Only the lines from the one with "Brian Crain - Butterfly Waltz 오보에&피아노 악보" through the last line of the data below are to be duplicated, exactly and without pictures.

Given data ->
'''

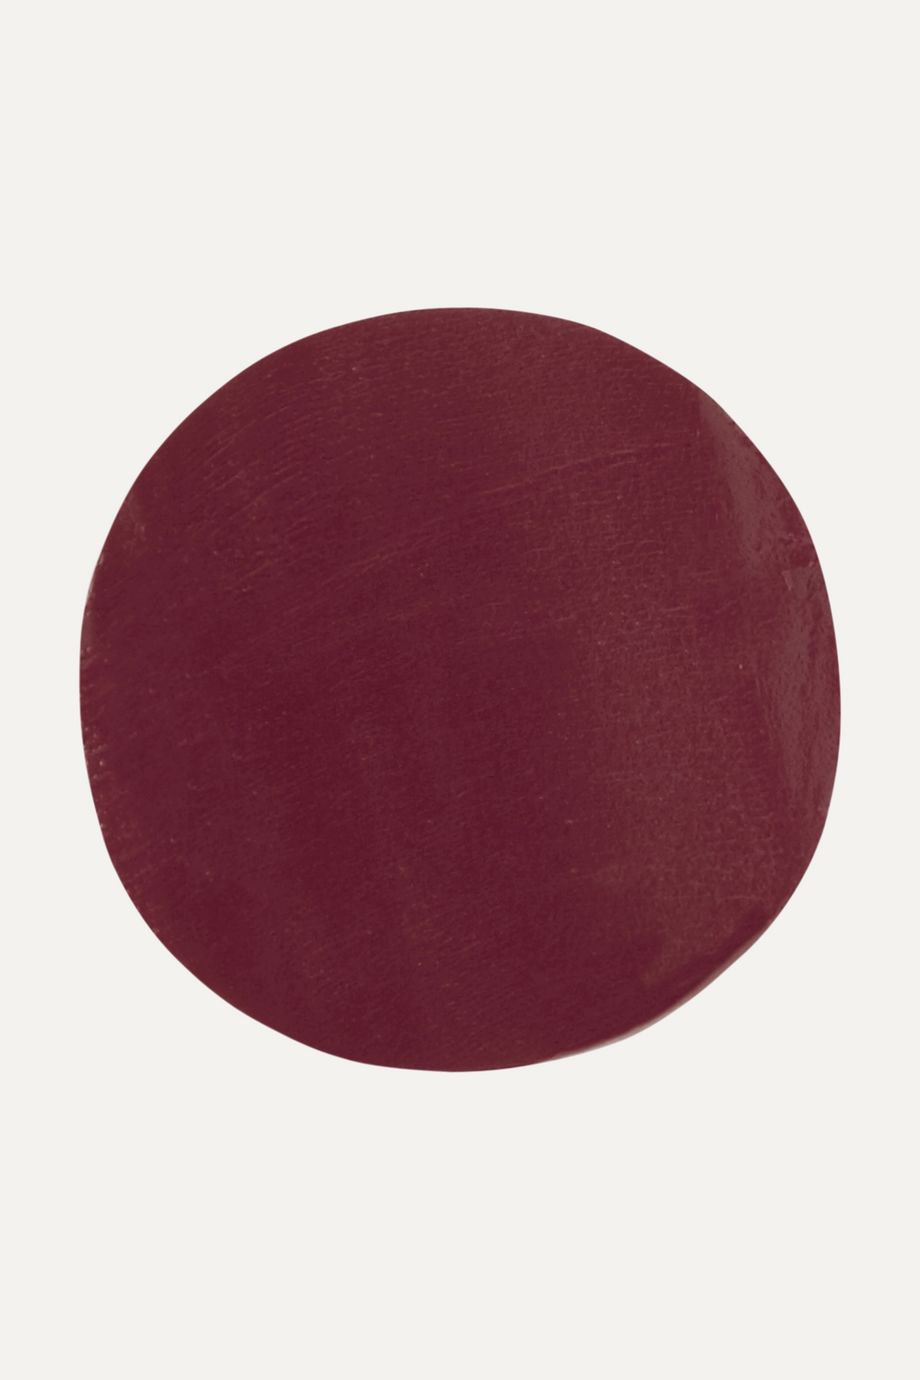 Kevyn Aucoin The Expert Lip Color - Bloodroses Noir
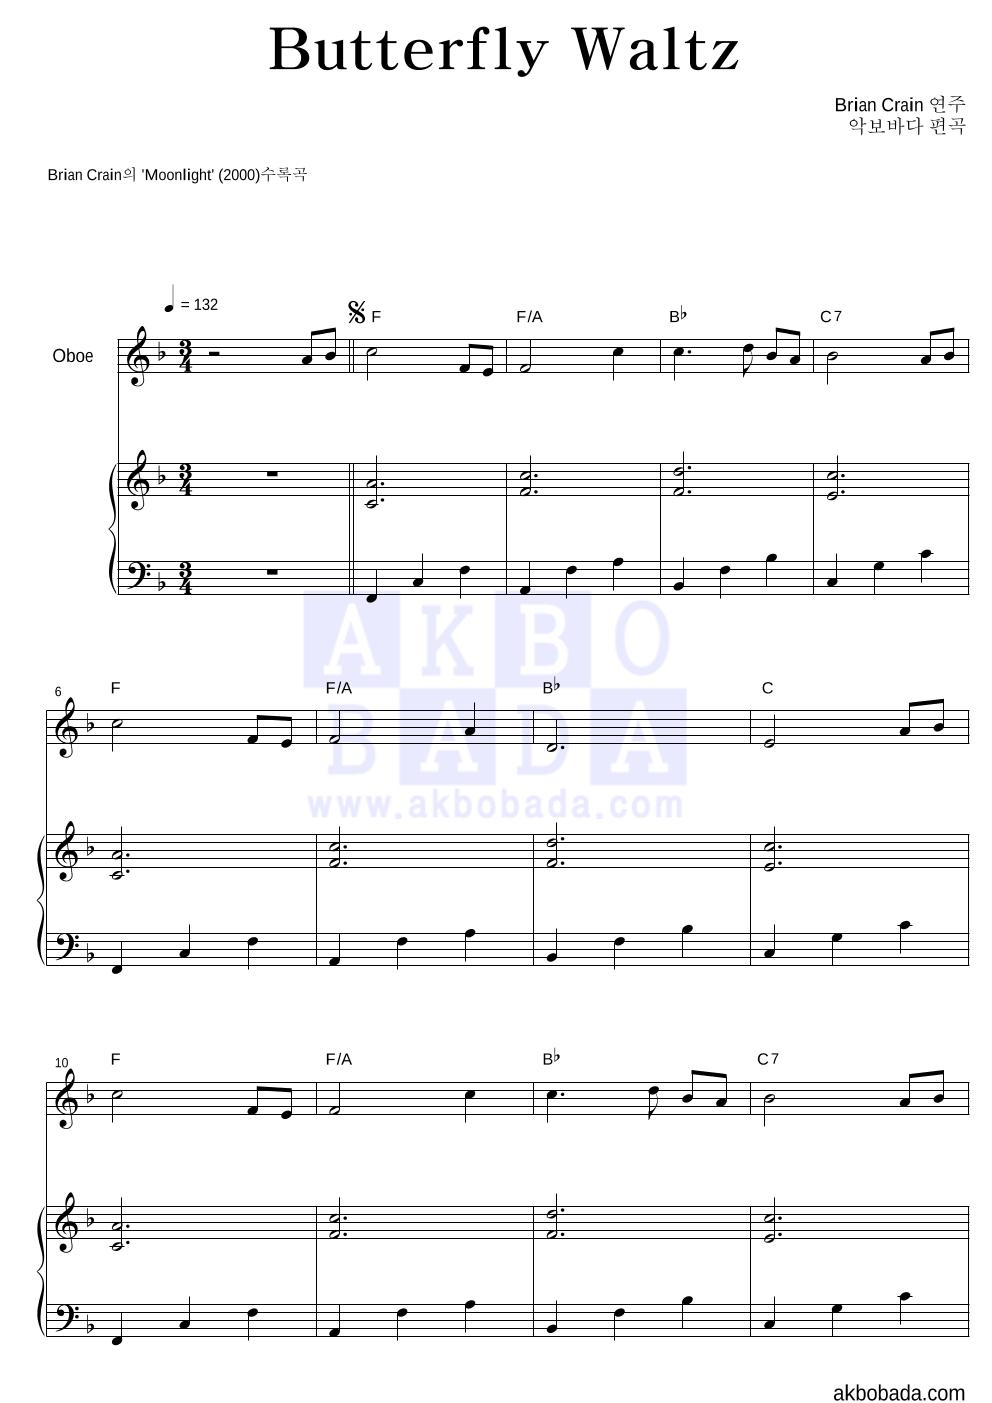 Brian Crain - Butterfly Waltz 오보에&피아노 악보
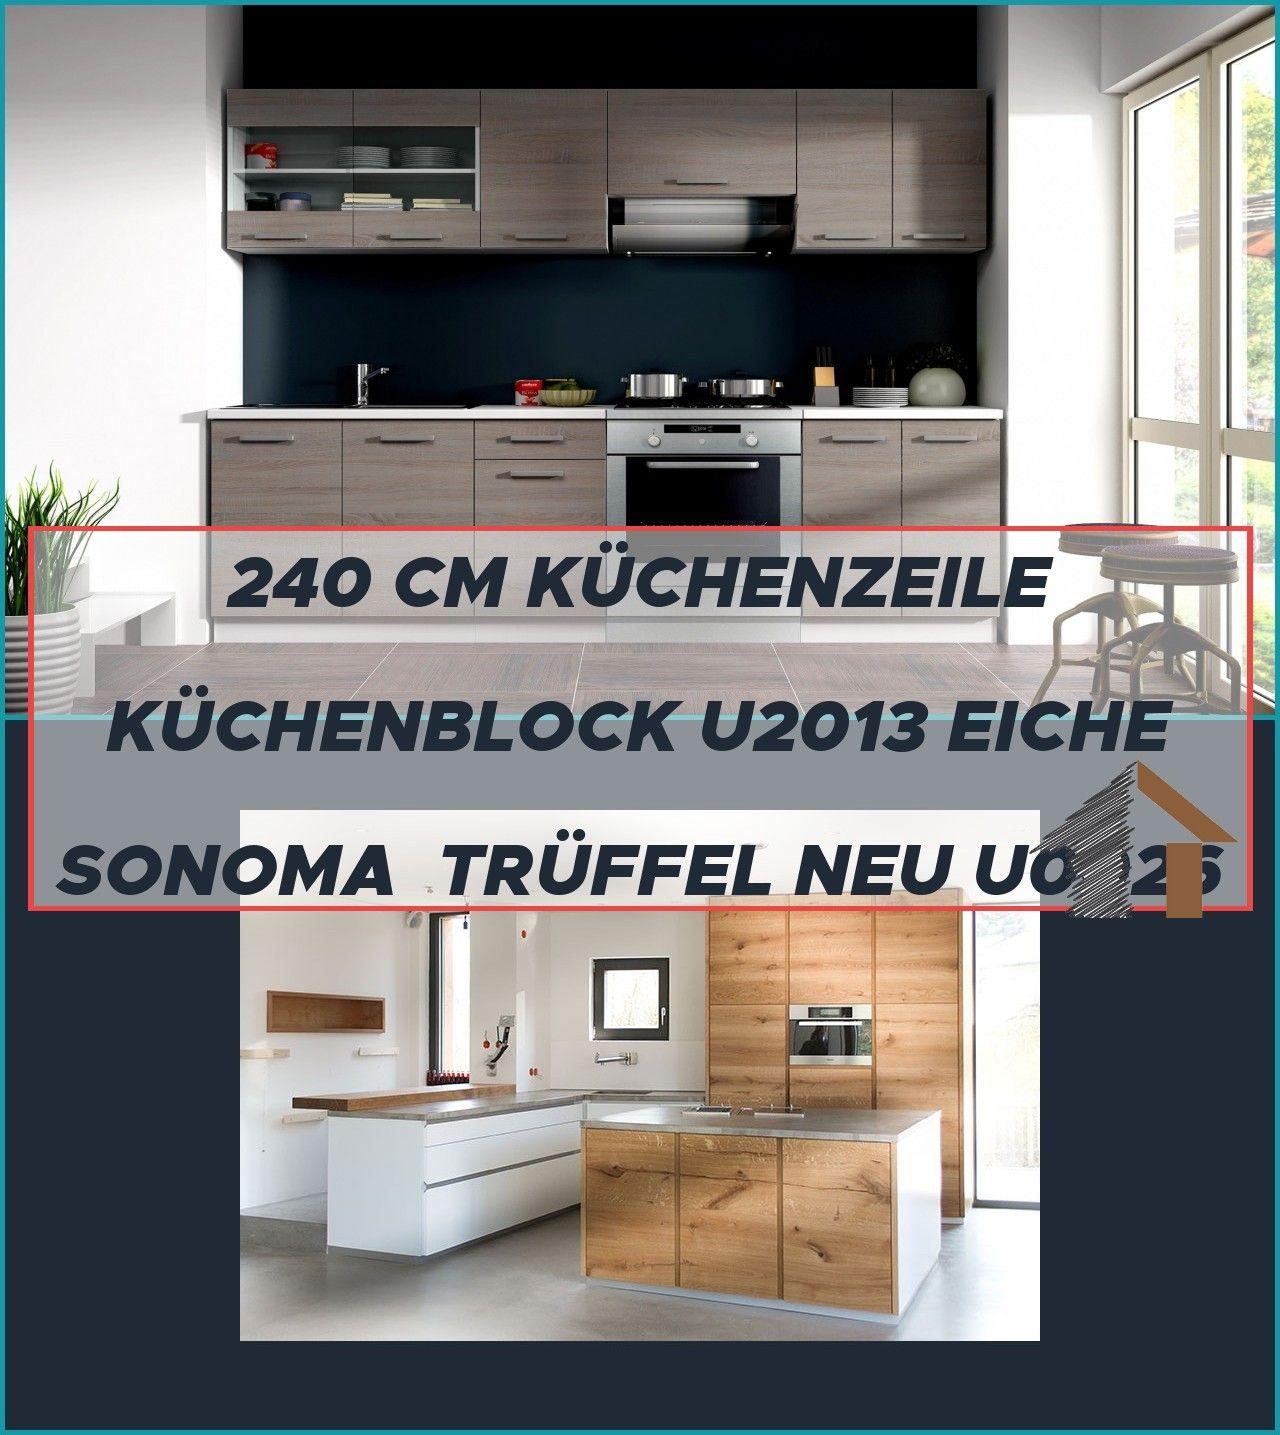 Details Zu Top Kuche Dave 240 Cm Kuchenzeile Kuchenblock U2013 Eiche Sonoma Truffel Neu U0026 Ovp Eiche Holz Modern Weiss Che Kuche B In 2020 Kuche Block Kuche Holz

'''

Task output ->
 Brian Crain - Butterfly Waltz 오보에&피아노 악보
 Details Zu Top Kuche Dave 240 Cm Kuchenzeile Kuchenblock U2013 Eiche Sonoma Truffel Neu U0026 Ovp Eiche Holz Modern Weiss Che Kuche B In 2020 Kuche Block Kuche Holz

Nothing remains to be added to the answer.